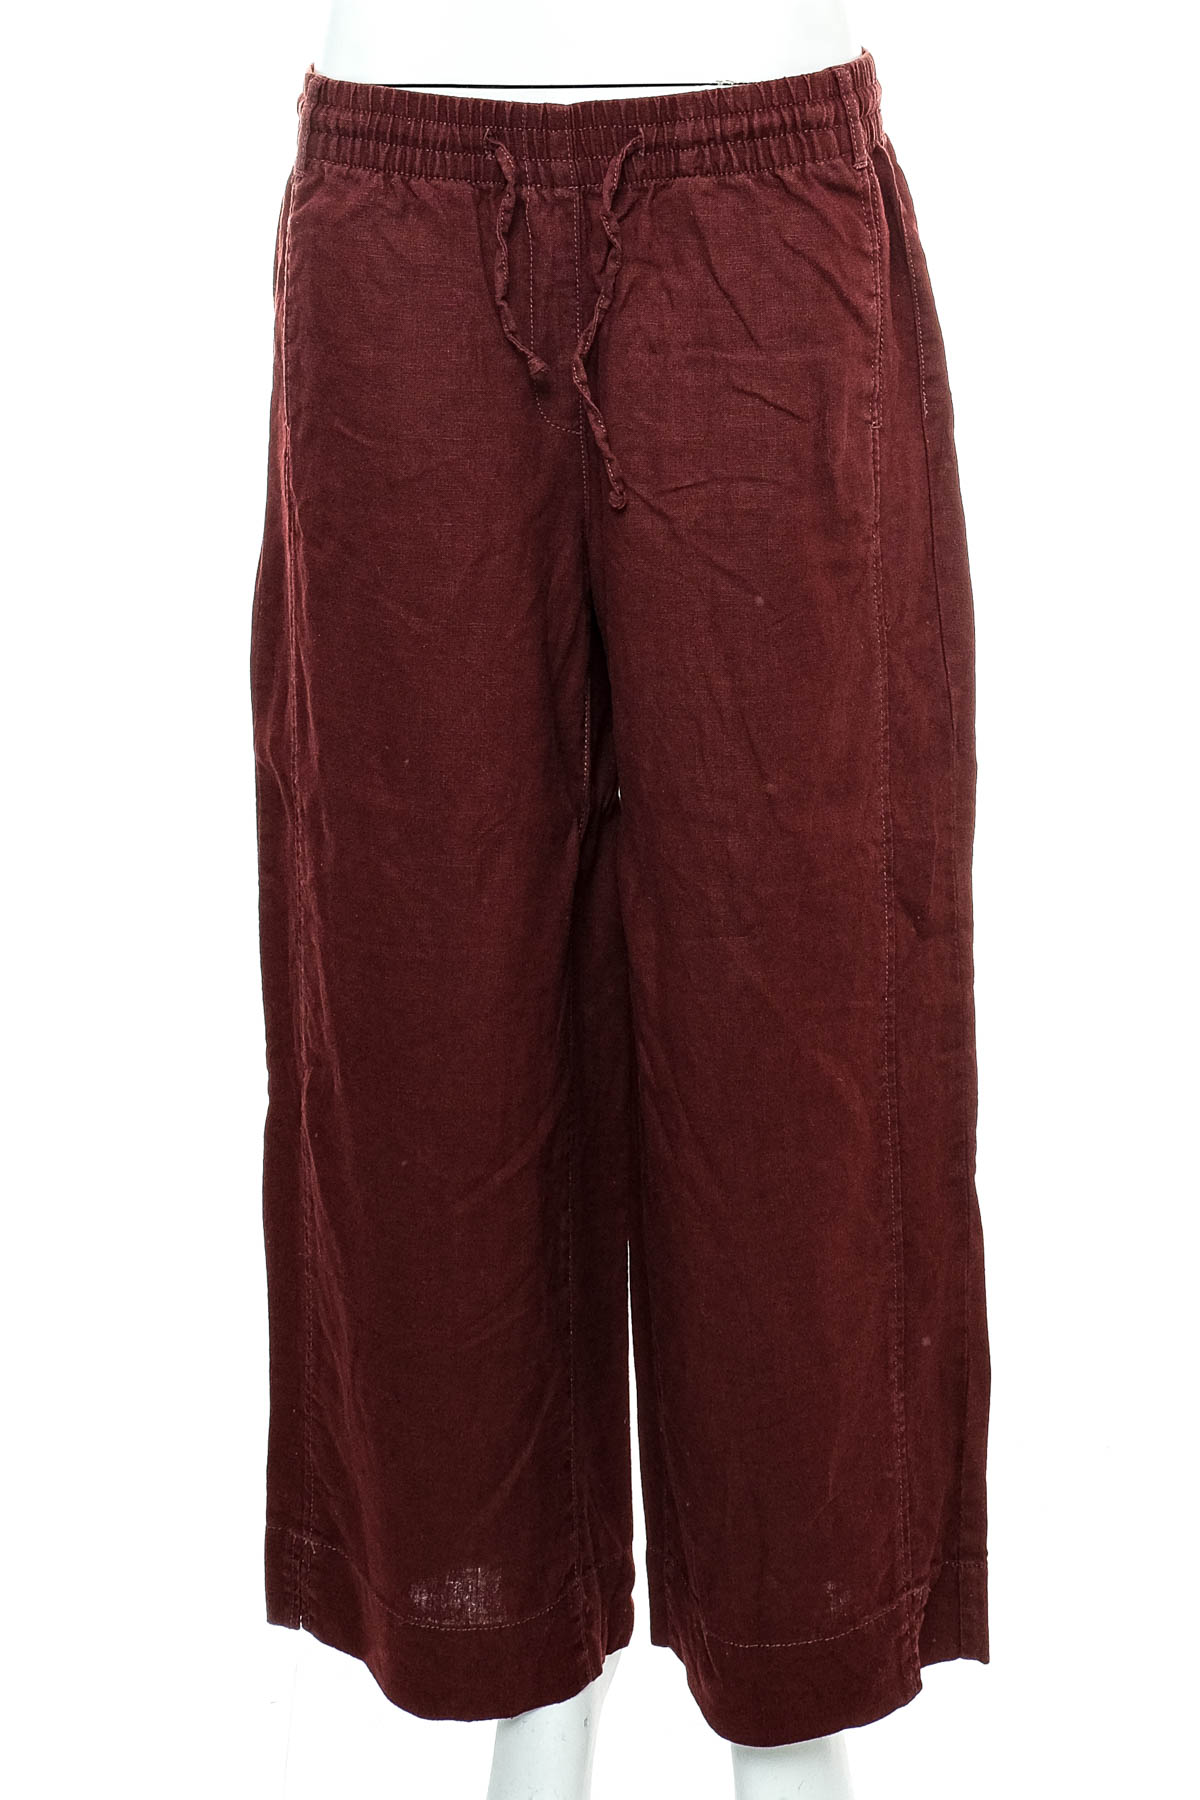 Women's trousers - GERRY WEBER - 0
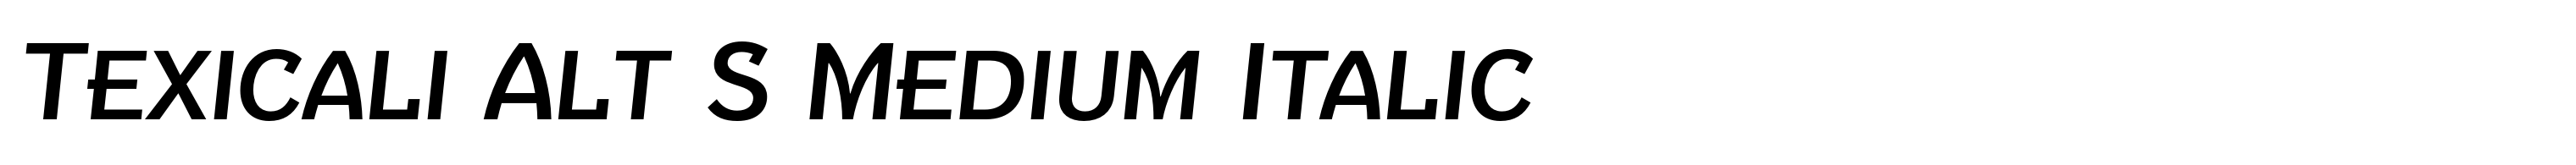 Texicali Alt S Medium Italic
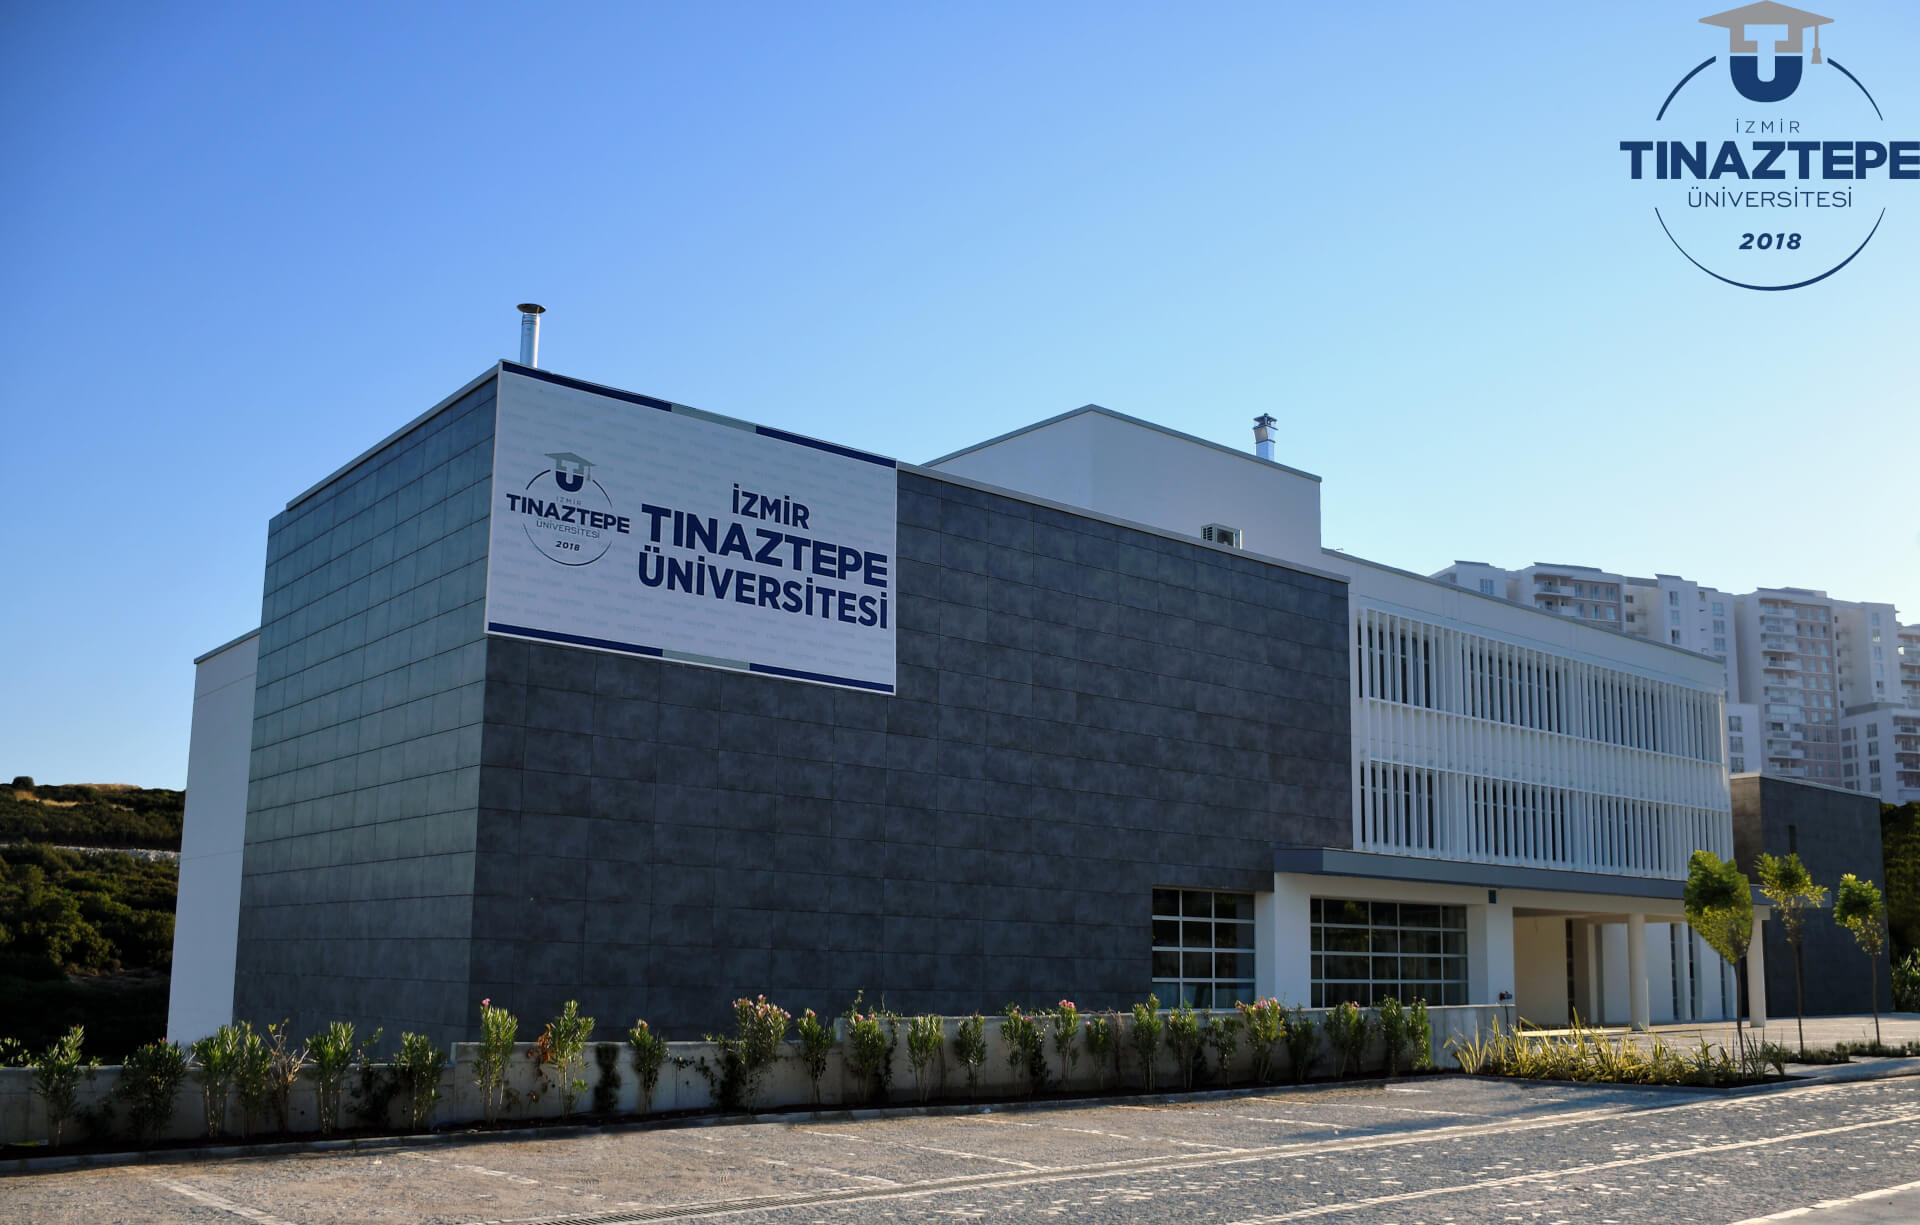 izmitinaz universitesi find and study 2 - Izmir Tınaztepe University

## Your assignment:
Reproduce all of the material above word for word. Omit the pictures.

## Response:
 Women's trousers - GERRY WEBER - 0
 Texicali Alt S Medium Italic
 izmitinaz universitesi find and study 2 - Izmir Tınaztepe University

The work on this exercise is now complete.